The IJCHR's summary of the Disaster Risk Management Act, one of the three acts the Government is using in its response to the COVID-19 pandemic, is below:

“The Disaster Risk Management Act... is designed to make provisions for the management and mitigation of diseases as well as the reduction of risks associated with disaster-related matters. Disaster is comprehensively defined as meaning:

“The occurrence or threat of occurrence of an event or other calamity, whether caused by an act of God or otherwise, which:

(a) results or threatens to result in loss or damage to property, damage to the environment or death, ill health or injury to persons on a scale which requires emergency intervention by the State; and

(b) may result from fire, accident, an act of terrorism, storm, hurricane, pollution, disease,

(c) earthquake, drought, flood, the widespread dislocation of the essential services, or other calamity.

“The Act provides for the establishment of an Office of Disaster Preparedness Management (ODPEM) with the object of advancing disaster preparedness and the institution of measures necessary to mitigate the effect of disasters. The ODPEM has the duty to advise the minister on measures which should be taken in relation to disaster preparedness and management.

“The Act requires the establishment of a National [Disaster] Risk Management Council (NDRMC). It is interesting to note that one of the members of this council is the leader of the Opposition. The NDRMC has the duty to advise on the national strategy for disaster management and to approve a National Disaster Response Coordination Plan submitted by the director general.
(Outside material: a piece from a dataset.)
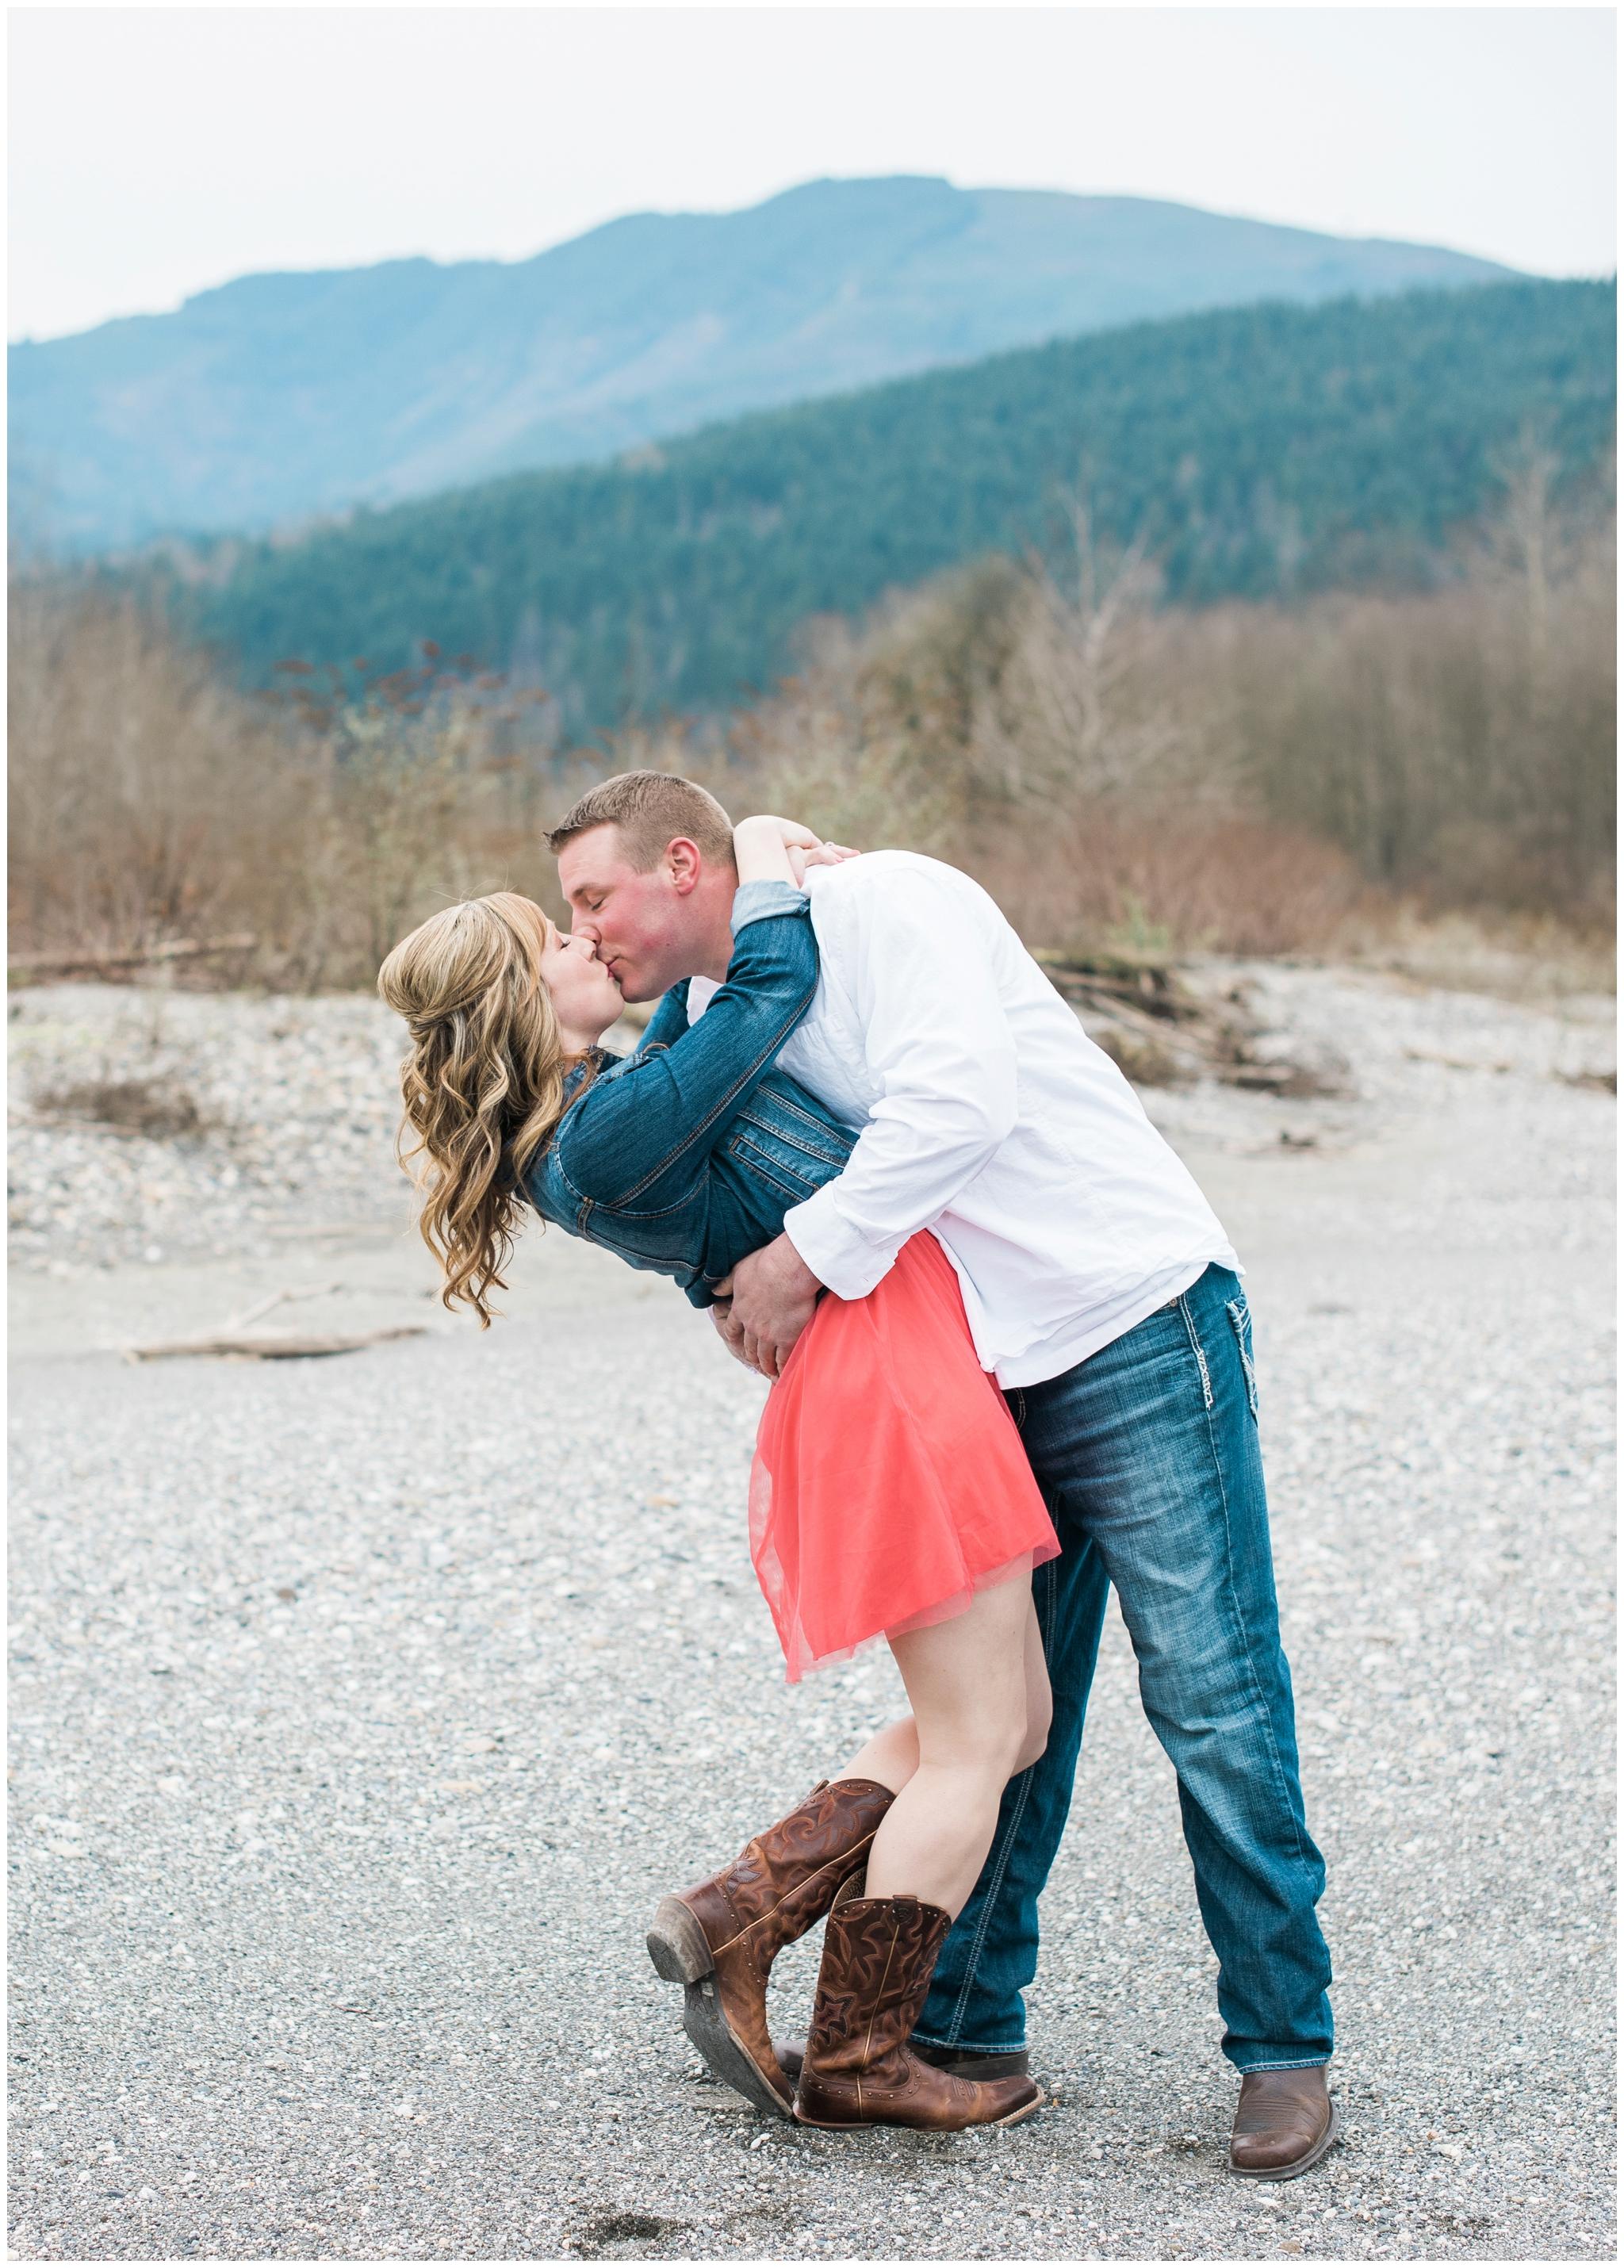 Bellingham river mountain Engagement, B. Jones Photography. Bellingham Wedding Photographer

“The Act also requires the establishment of parish disaster committees with the responsibility to develop a Parish Disaster Management Plan.

“The Act provides that the prime minister may declare the whole or any part of Jamaica to be a disaster area or threatened area and direct the enforcement of measures recommended by the ODPEM. An order can only be made by the prime minister under this provision if he is satisfied:

“26(8) (a) that a disaster has occurred, is occurring or is imminent; and

(b) that extraordinary measures are required to prevent or minimise:

(i) loss of life, prejudice to the safety, or harm of the health, of persons;

(ii) destruction of, or damage to, property; or

(iii) destruction of, or damage to, any part of the environment.

“Where such a declaration has been made by the prime minister, an authorised officer, if he thinks it necessary, in the interest of public safety or public health, may, subject to the directions of the director general, make a number of far-reaching decisions and impose strict restrictions, including:

“(1) control the movement of persons, animals, or vehicles within, into, out of, or around the declared area;

(2) give directions to regulate the movement of any person, animal or vehicle within, into, out of, or around the declared area;

(3) direct the evacuation of the area;

(4) direct persons to leave any particular premises and to move out of the declared area;

(5) seal, close off, remove, dismantle, demolish or destroy a vehicle, or a building or other structure, in the declared area where such vehicle, building, or structure is likely to cause harm to persons or damage to property or likely to cause loss of life or property.

“The minister is also empowered to designate an area as especially vulnerable. The director general is authorised, with the approval of the minister, to prepare a special area precautionary plan for mitigation and prevention of disasters in a designated vulnerable area. However, a draft of the order with the proposed measures has to be published and an opportunity given for public consultation.”